The problem statement:
You receive a list of integers, one at a time, a1,a2,... and I want you to find the first time an ai comes up that has occurred previously, i.e. find the smallest i such that all the a1,a2,...,ai-1 are distinct but ai=aj for some
1≤j<i
. Describe an O(i log2 i) time algorithm to find the smallest i. ( Give an algorithm in recursive form and show its running time using the Master Theorem. )
Upvotes: 1
Views: 588
Reputation: 26117
Finding a repeated element should only take O(n log n) time.
Once you have sorted your array, your repeated elements will all be next to each other; you shouldn't need to perform a binary search.
Edit in response to the edited question:
If, instead of a batch task, you need an online streaming algorithm, then you can use a balanced search tree of elements already encountered. This should provide O(i log i) performance over the first i elements.
Upvotes: 2
Reputation: 178531
Your algorithm is incorrect, as it runs slower than the requirements of the actual question.
The question specifically asks to run in O(i logi)
time, where i
being the first dupe.
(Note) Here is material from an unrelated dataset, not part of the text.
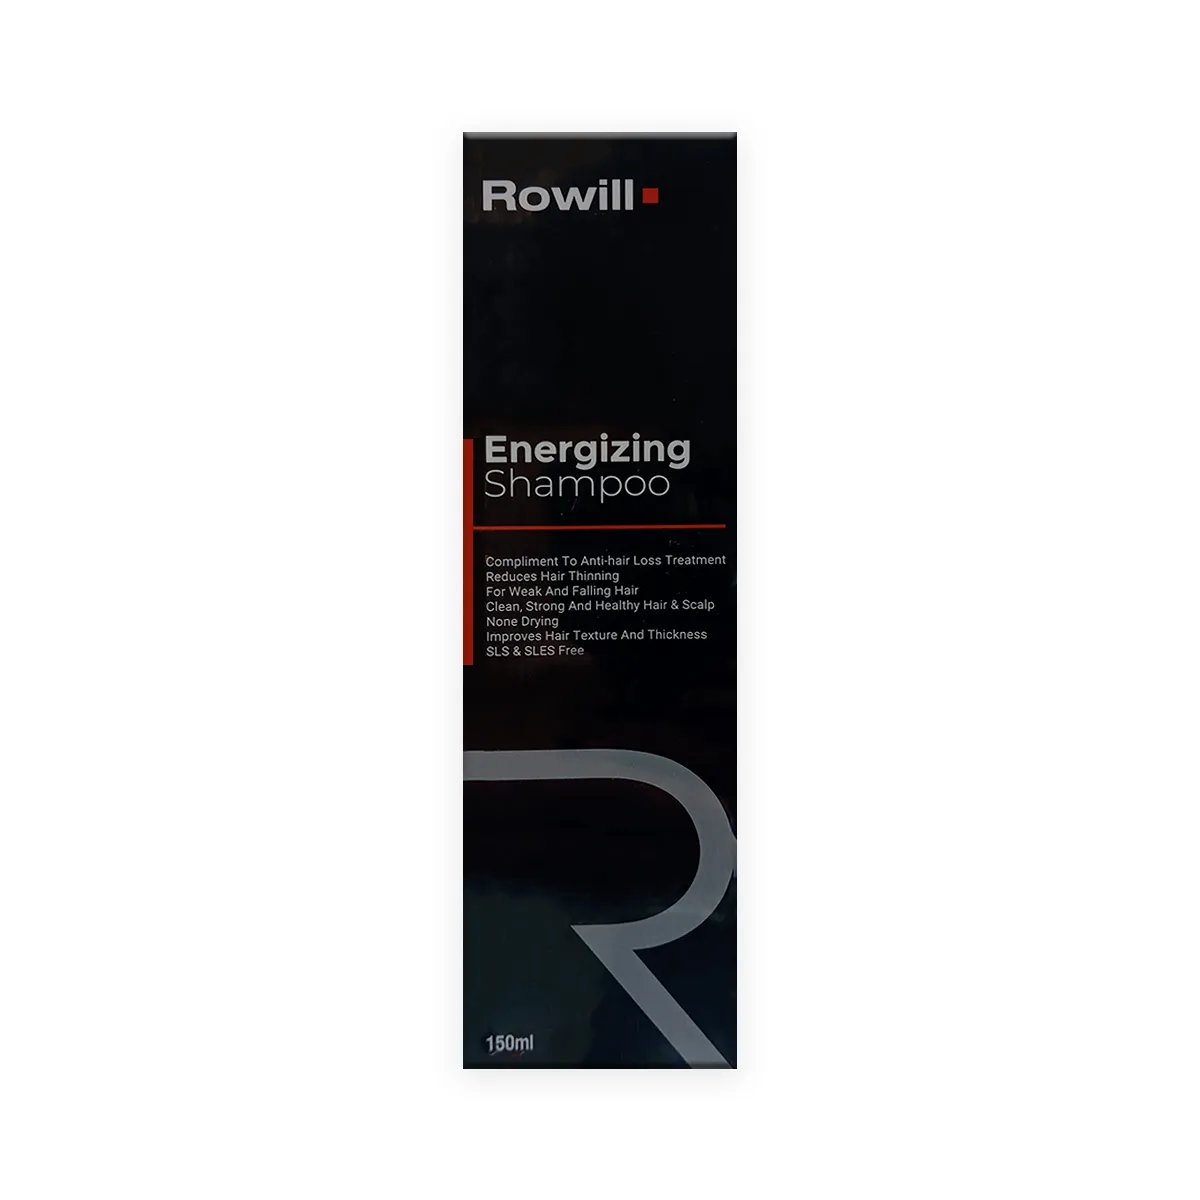 First product image of Rowill Energizing Shampoo 150ml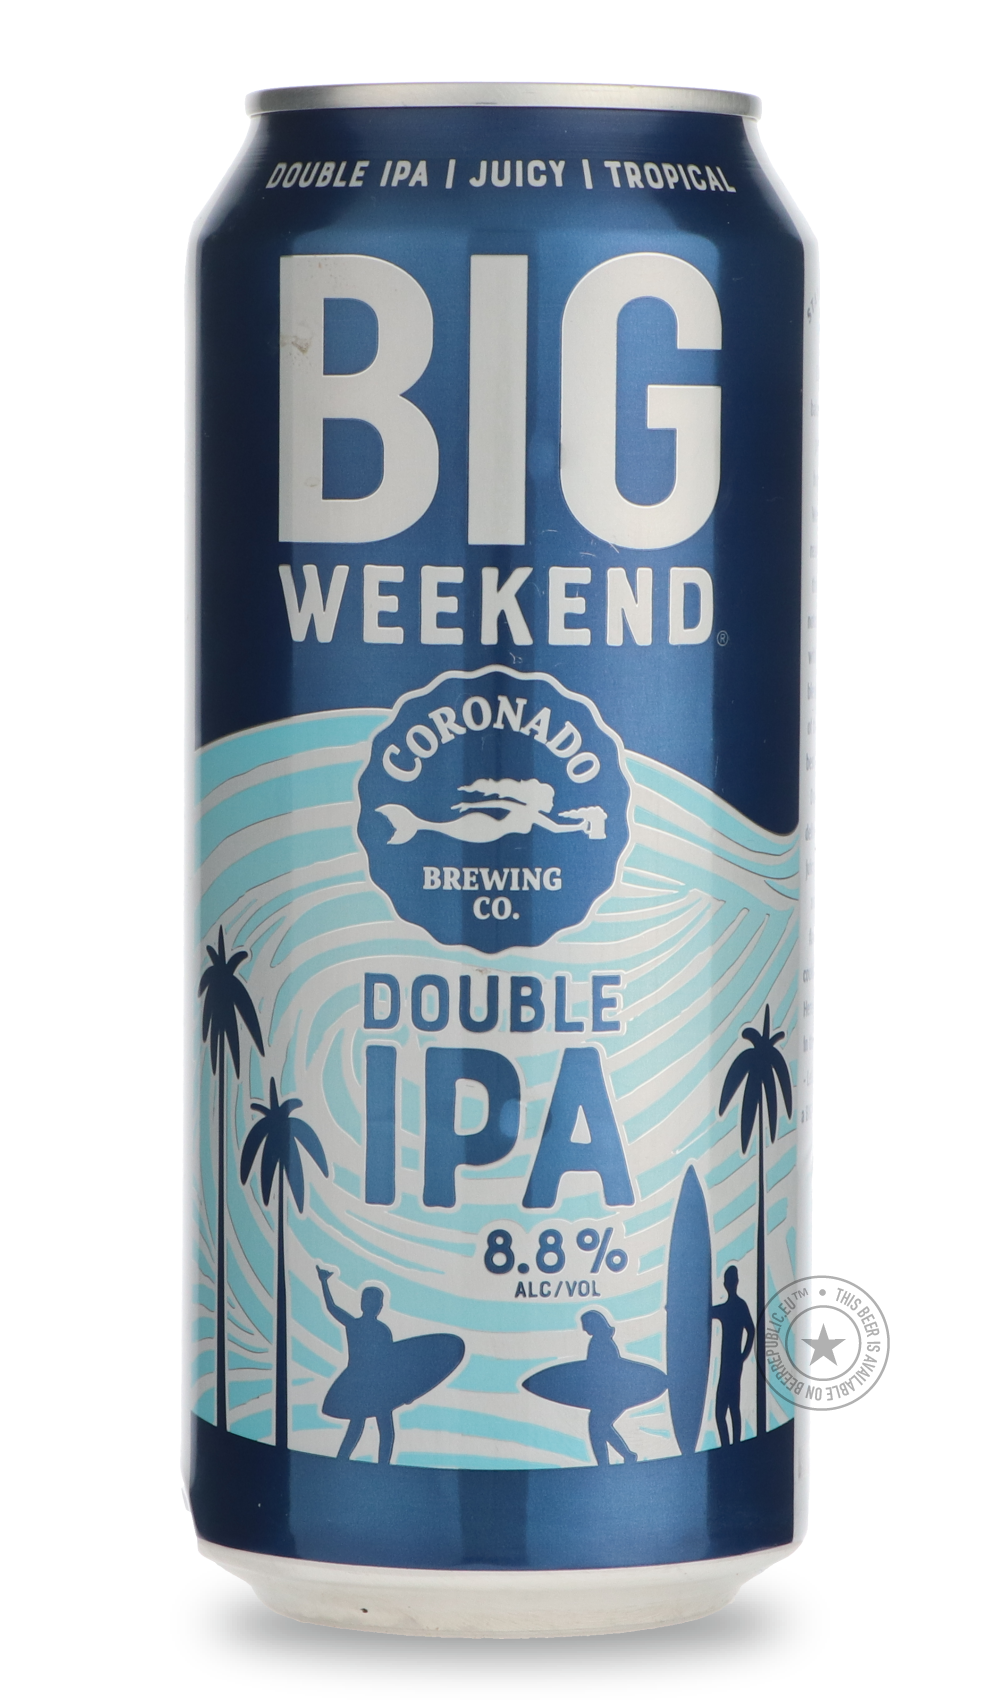 -Coronado- Big Weekend-IPA- Only @ Beer Republic - The best online beer store for American & Canadian craft beer - Buy beer online from the USA and Canada - Bier online kopen - Amerikaans bier kopen - Craft beer store - Craft beer kopen - Amerikanisch bier kaufen - Bier online kaufen - Acheter biere online - IPA - Stout - Porter - New England IPA - Hazy IPA - Imperial Stout - Barrel Aged - Barrel Aged Imperial Stout - Brown - Dark beer - Blond - Blonde - Pilsner - Lager - Wheat - Weizen - Amber - Barley Win

If you do your algorirthm when stream of numbers is done, you are too slow (the stream could also be infinite!) If you repeat your algorithm for each new number, it will run too slow (1log1 + 2log2 + 3log3 + ... + ilogi
which is not in O(ilogi)
).
You could do so by maintaining a set (based on a self balancing BST), and when a new element comes:
check if it is in the set
if it is:
abort - found the first dupe
otherwise:
add it.
Also note, the requirement (as you gave it) is O(i log_2i)
, and not O(i*log^2(i))
Upvotes: 3
Reputation: 4410
Use a BST as follows:
- Initialize a Binary Search Tree
- For each new element that comes along, insert it in the tree and update the tree
- Whenever you find an element that was already present in the BST, => you have found the smallest i index
The complexity for updating the tree is O(kLogk) when inserting the k'th element.
Upvotes: 3